Сашок сгонял по деревне, просил помочь. Собрались бабушкины подруги, приковылял одноногий бригадир Нахимов. Тушу подняли на струганные доски и освежевали. После ты обходил стороной то место и на лагах больше углём не рисовал.
Управились, женщины ушли досыпать, увели деда Лухмея. Остался Нахимов, бывший морской пехотинец, ныне ветеран минувшей войны, инвалид, у председателя колхоза первый помощник на подхвате. С ним его племянник Вован, ленинградский блокадник, Сашка погодок. После госпиталя Нахимов, севастопольский моряк, «бросил якорь» в белорусской деревушке. По словам тётки Авдотьи, председательши его соблазнившей в примаки, был единственным на все Голубицы «трудоспособным – в якорях (смеялась) – мужиком».
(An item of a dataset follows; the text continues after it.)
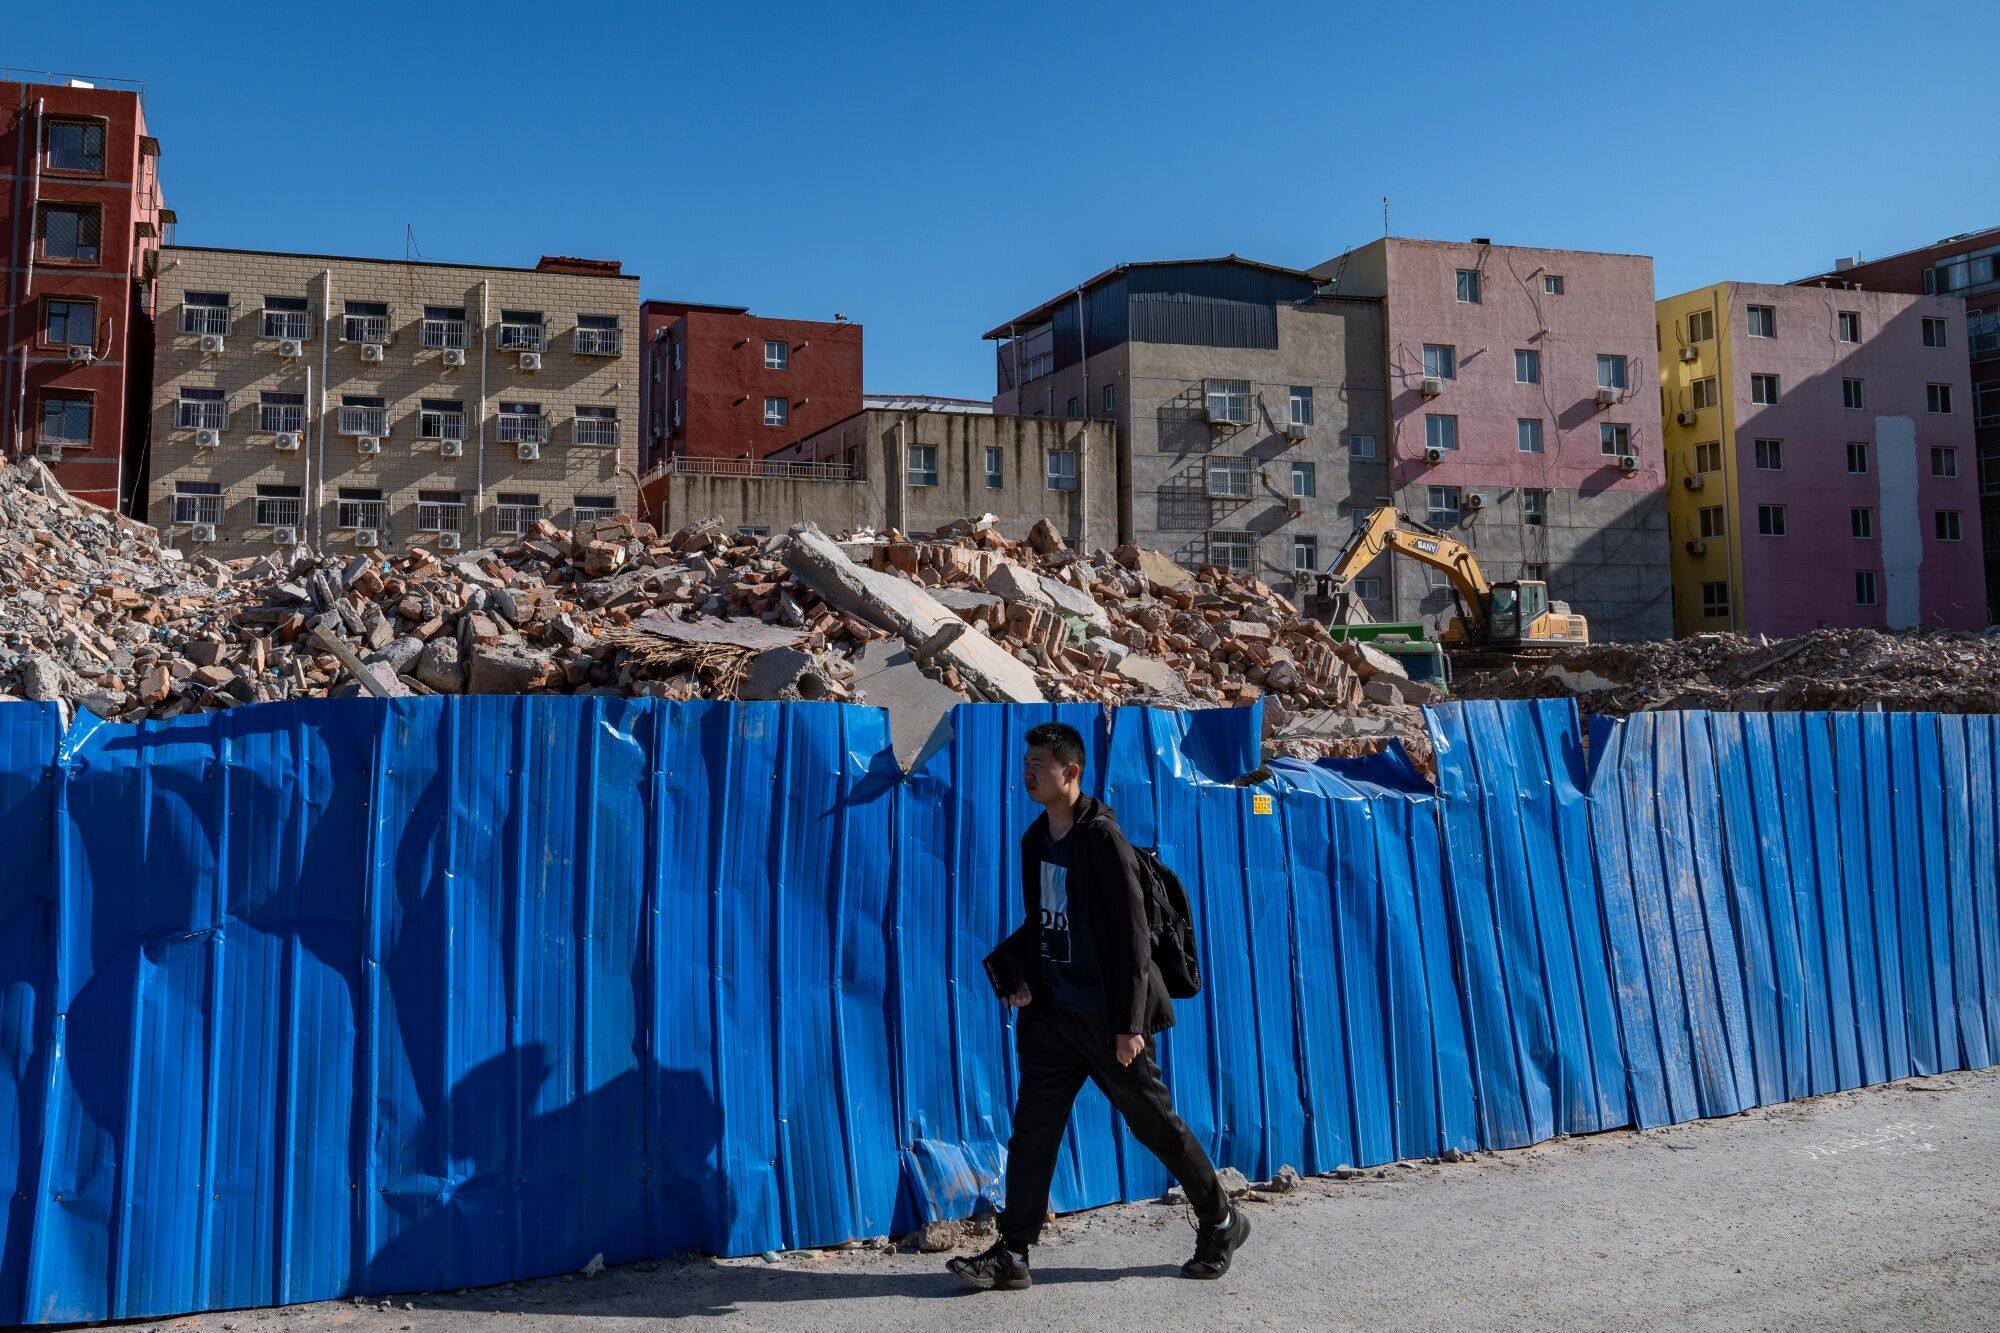 Demolished buildings are seen in a village in Beijing amid a slump in China’s property sector. Financing support among private developers could also be unevenly distributed, with most banks choosing to support top performers and companies that have not yet defaulted on their debt, according to Fitch. Photo: Bloomberg

За столом бабушка только пригубила самогонки, после наливала одному Нахимову. Мальчишки же пили – в сени бегали кружками из дежки зачерпнуть – квас на хлебных корках. Налегали на варёные в чугуне говяжьи мослы.
Пьяный, бригадир ругал доярок. Особо доставалось подругам Клавкам: «Спят, итиихумать, сидя и тягают сиськи мимо ведра». Незлобно ругал, но с угрозой: «Я с этих стерлядей, не бросят бегать на танцы в Дом офицеров, сам стружку сгоню». И бабушку стерлядью обозвал – за то, что в стакан не до краёв наливала. Сашок на то подхватился с места, бросил кость в чугун и вышел во двор. За пуней сидел, где с зимы покуривал махорку из кисета, утерянного дедом Лухмеем.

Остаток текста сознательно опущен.